*Exercise goal*
Please make an exact copy of the listing, without the pictures.
[Data excerpt Boundary: Start]
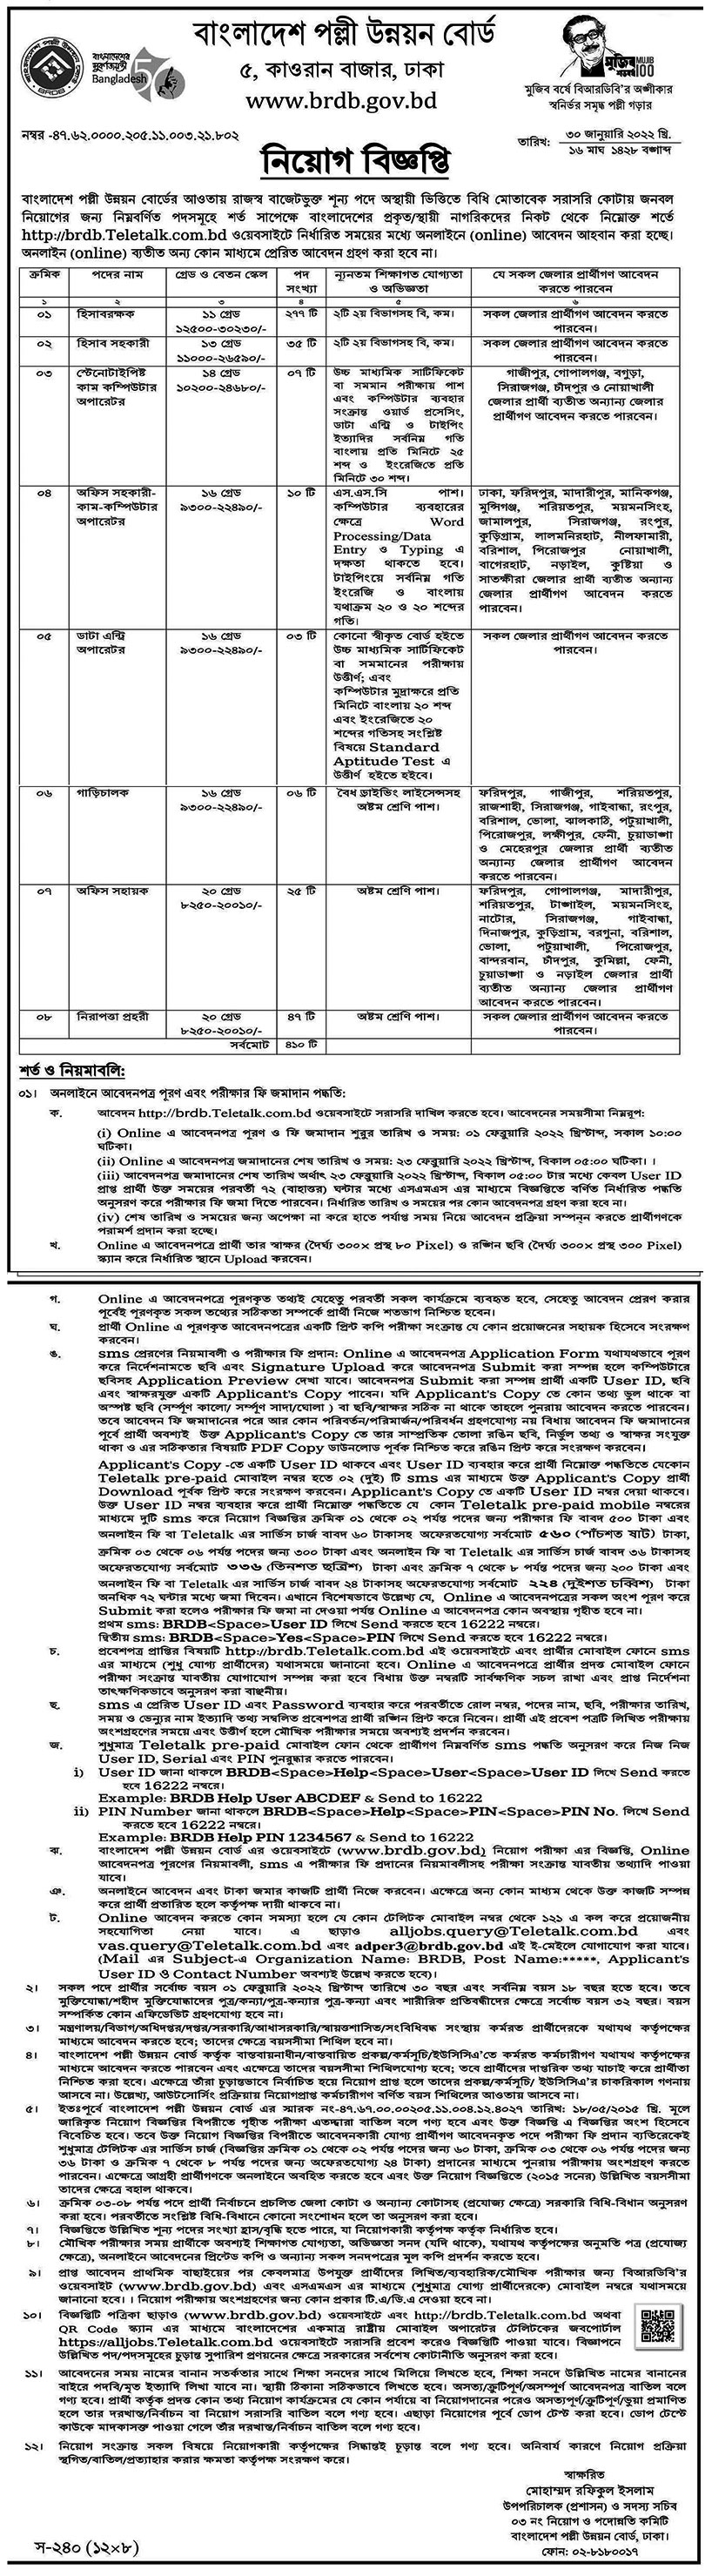 Bangladesh Rural Development Board Job Circular
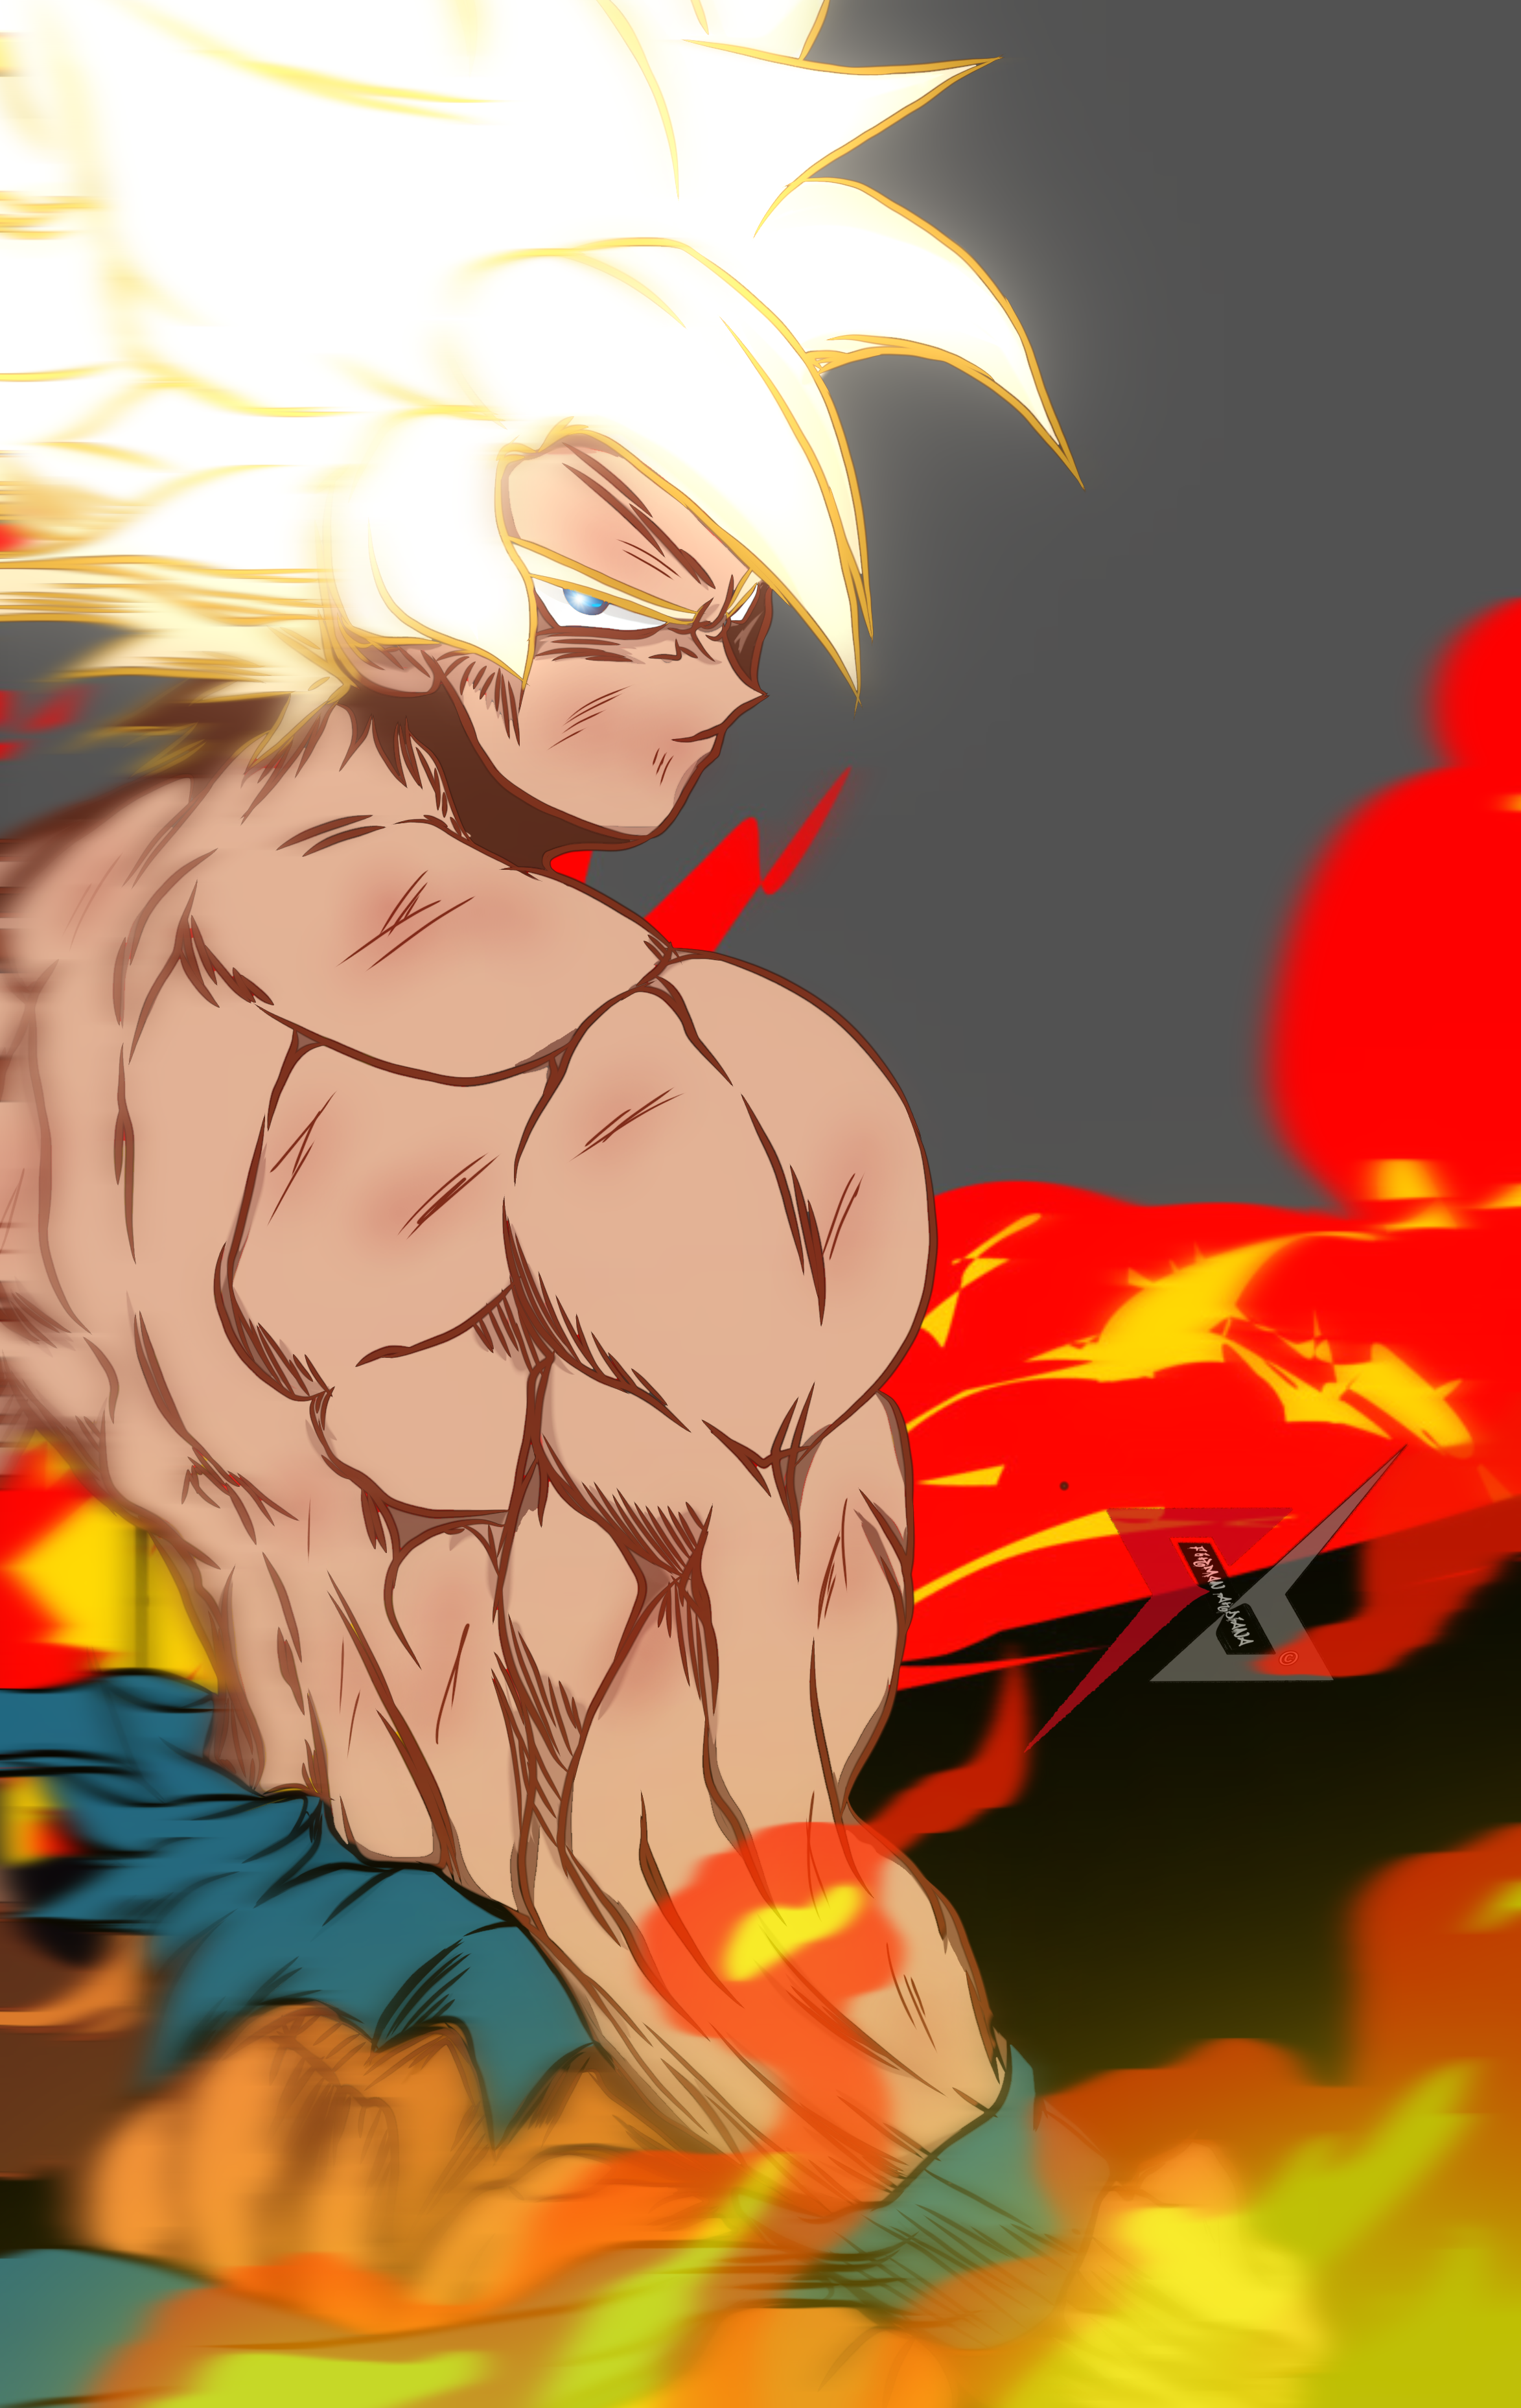 Super Sayajin Son Goku Wallpaper Dragonball Z by Sennexx on DeviantArt
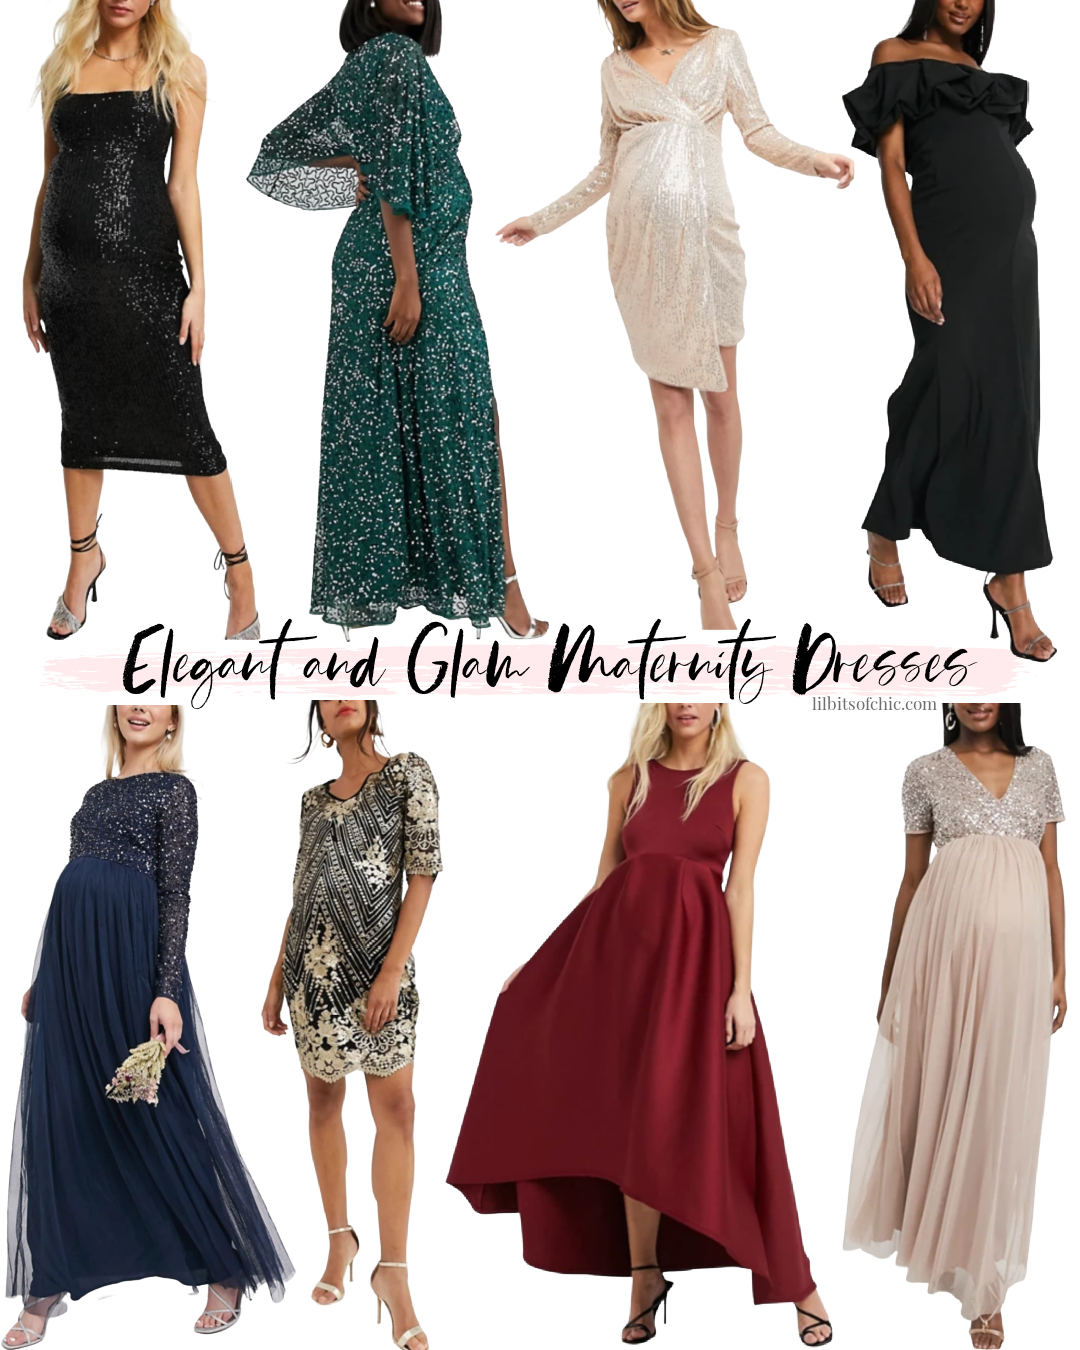 Elegant and Glam Maternity Dresses - Lil bits of Chic
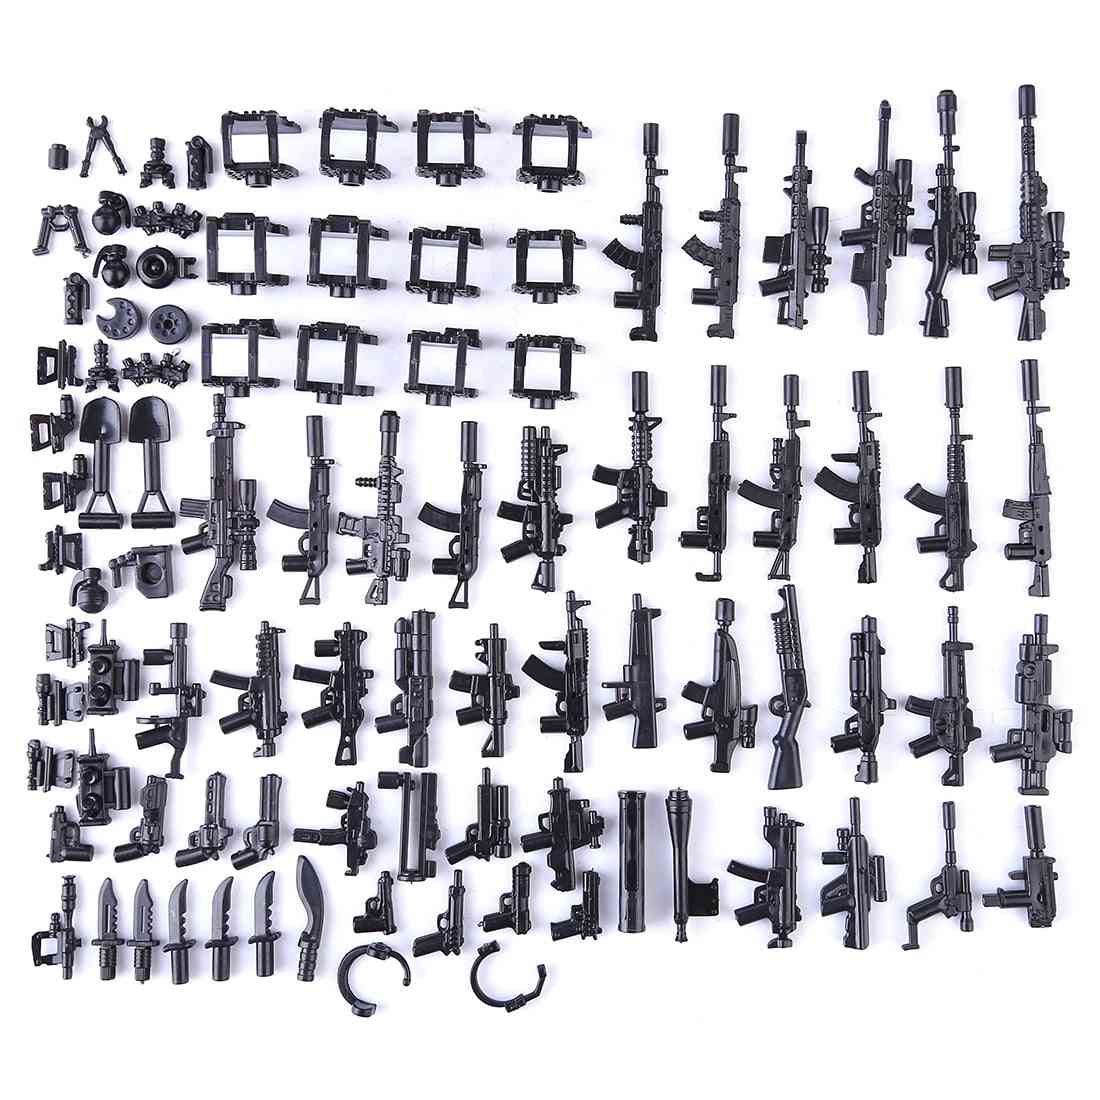 малки частици градивен елемент военно оръжие аксесоари комплект играчки
[Data excerpt Boundary: End]
*Answer for the task*
 Bangladesh Rural Development Board Job Circular
 Super Sayajin Son Goku Wallpaper Dragonball Z by Sennexx on DeviantArt
 Elegant and Glam Maternity Dresses - Lil bits of Chic
 малки частици градивен елемент военно оръжие аксесоари комплект играчки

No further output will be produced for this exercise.